We've taken a day trip together recently, i've tried surprising my wife with flowers, but it just doesn't feel the same. In the bedroom I am normally the one that initiates and I realize that comes a bit with having kids.

I'm not sure if the kids are part of the issue for the marriage strain. We both would do anything for them but now I don't even know what my wife and I would do if we didn't have kids. I'm having trouble remembering what it was like when we were dating, and how we became so close.

Anyway - I feel rotten writing this out but really want to make me look at my wife like the only one again. For what it is worth I am trying my best to avoid this other woman as it is not healthy for me.

Thanks!


----------



## _anonymous_ (Apr 18, 2016)

charles12345 said:


> For the first time since knowing her, I felt something quite serious for another woman. Now I don't think it is a problem to think someone else is attractive, but I genuinely felt like I was falling for this woman. I have not, and will never cheat, but I have no idea why this person is making me feel so different.
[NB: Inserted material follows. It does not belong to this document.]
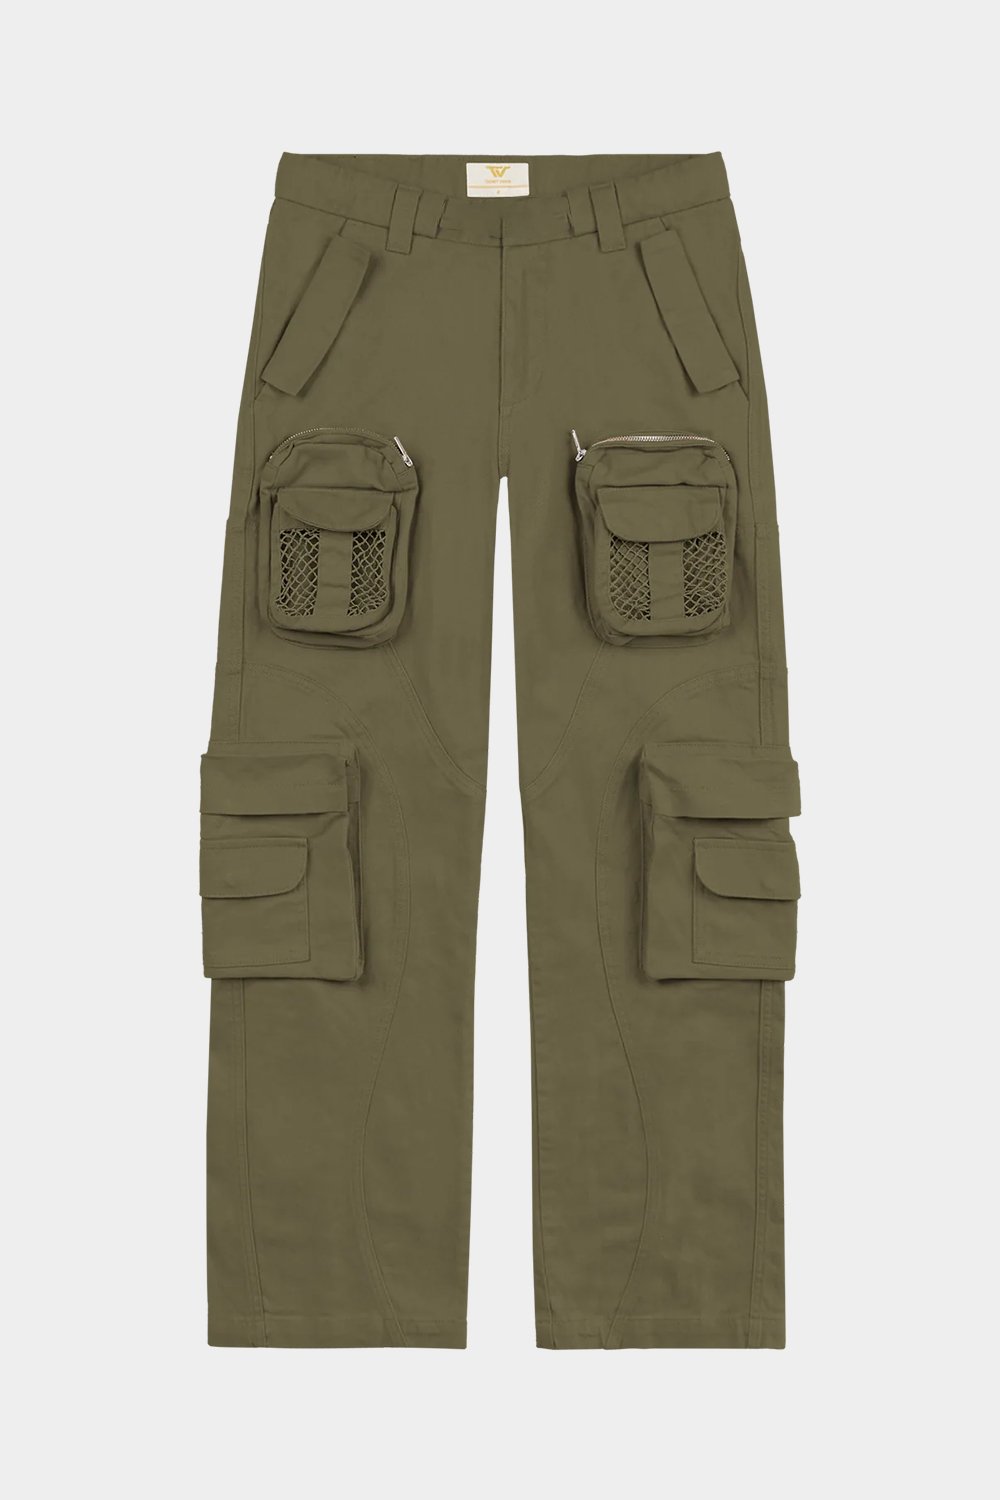 Green Net Cargo Pants (TVS2)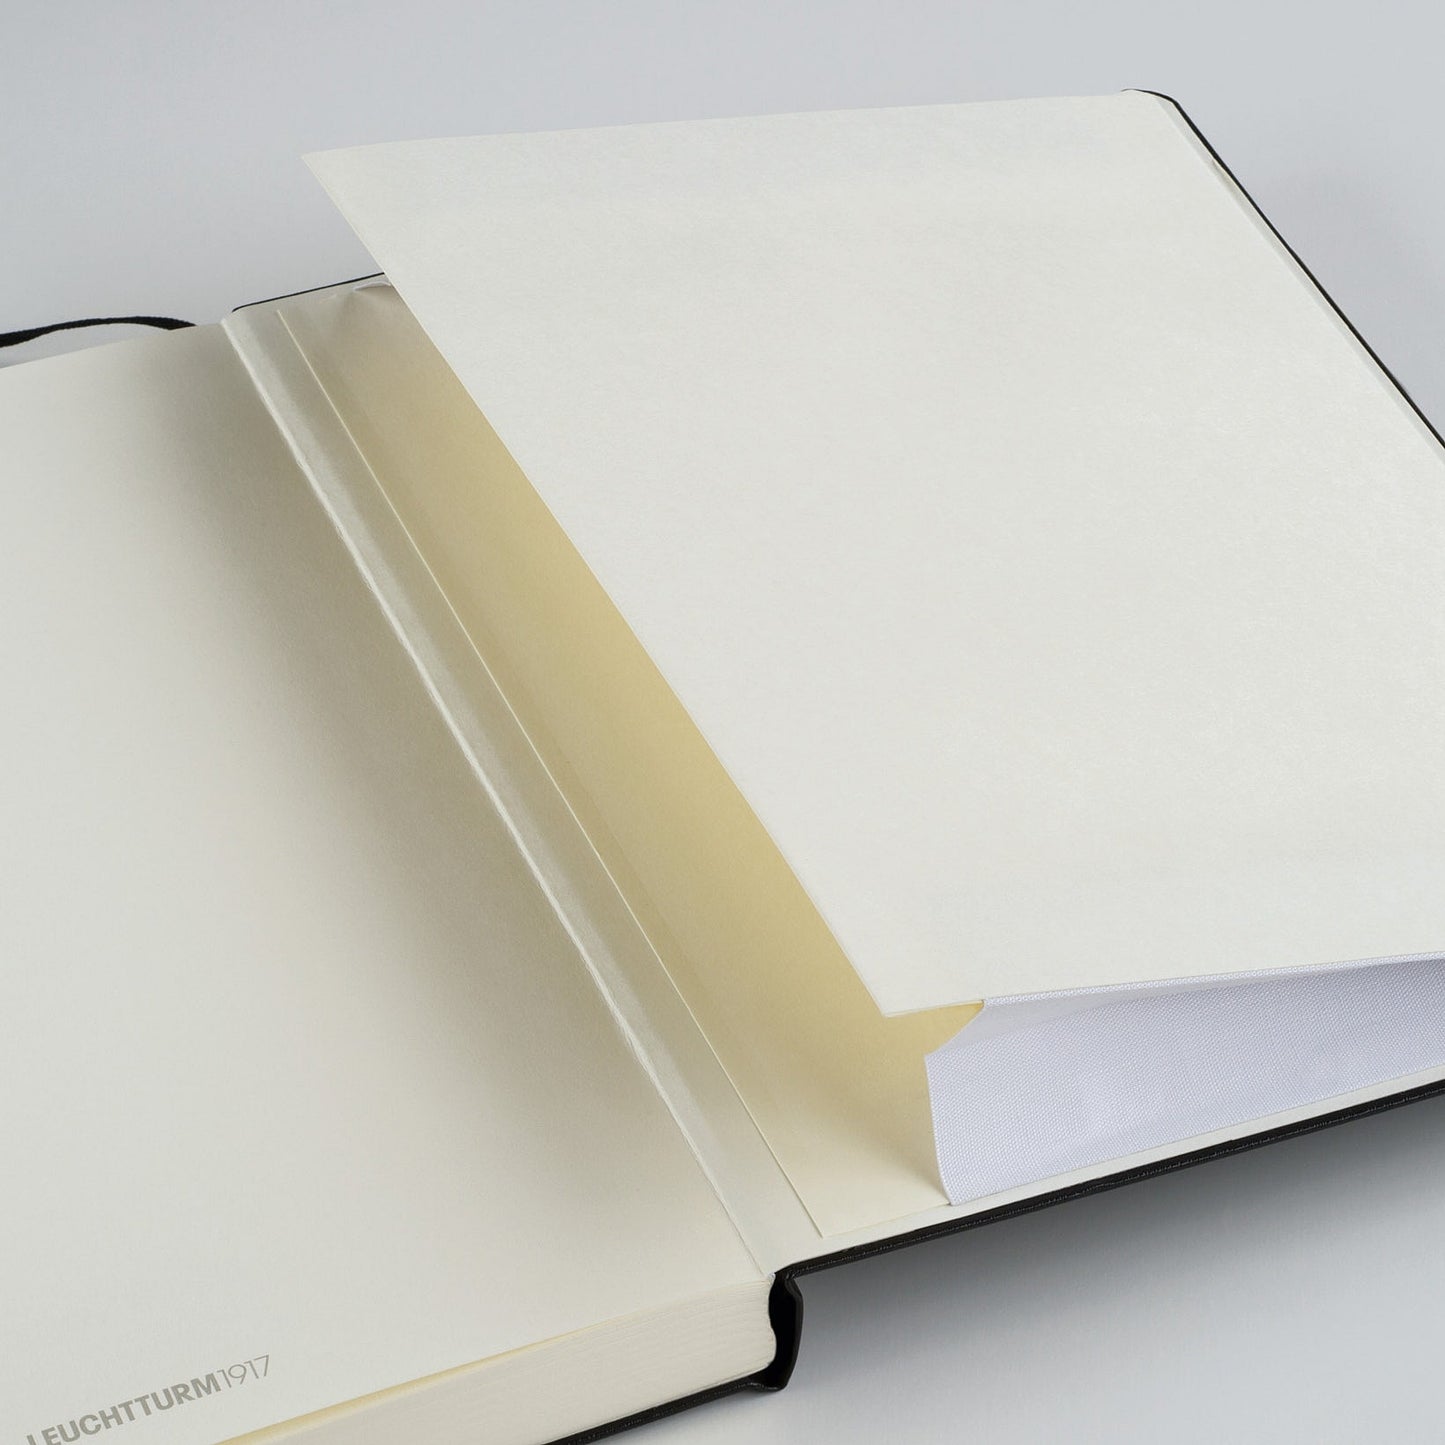 Leuchtturm1917 A5 Medium Hardcover Notebook - Stone Blue / Dotted

Now I am stuck as I don't feel as good about my marriage, but want to improve it and am looking for advice.


You realize this is an emotional affair, right? And also, you realize that many full-blown affairs start out as emotional, right? Consider these things, and also, what you've admitted here. See the problem?

Look OP, you're not a bad person or anything for being attracted to another woman, but you'd be a damn fool to continue thinking so nonchalantly of it. This attraction you have for someone else is something to put behind you and never look back at. Seriously.

Generally speaking, emotional connections with those other than your SO (assuming same gender) can be a slippery slope. The ledge of closer than your think, and your footing is not as sure as you might believe! Cut ties with the other woman and direct your attentions to your wife.

If you're unhappy in your marriage, you might go to individual counseling and marriage counseling to strengthen your marriage further. Good luck!


----------



## EleGirl (Dec 3, 2011)

charles12345 said:


> Hi all,
> 
> I won't try and write a long post, but am going to try and fit some details in here.
> 
> ...


How much interaction do you have with this other woman? Does she seem to have the same feelings for you?

Remember that in a marriage, feelings ebb and flow. There are times when we feel the love for out spouse less than others. But if you nurture your relationship, your feelings will return.

You say that you two get out once in a while, on dates I suppose. How many hours a week do you and your wife spend together, just the two of you doing things that you both enjoy?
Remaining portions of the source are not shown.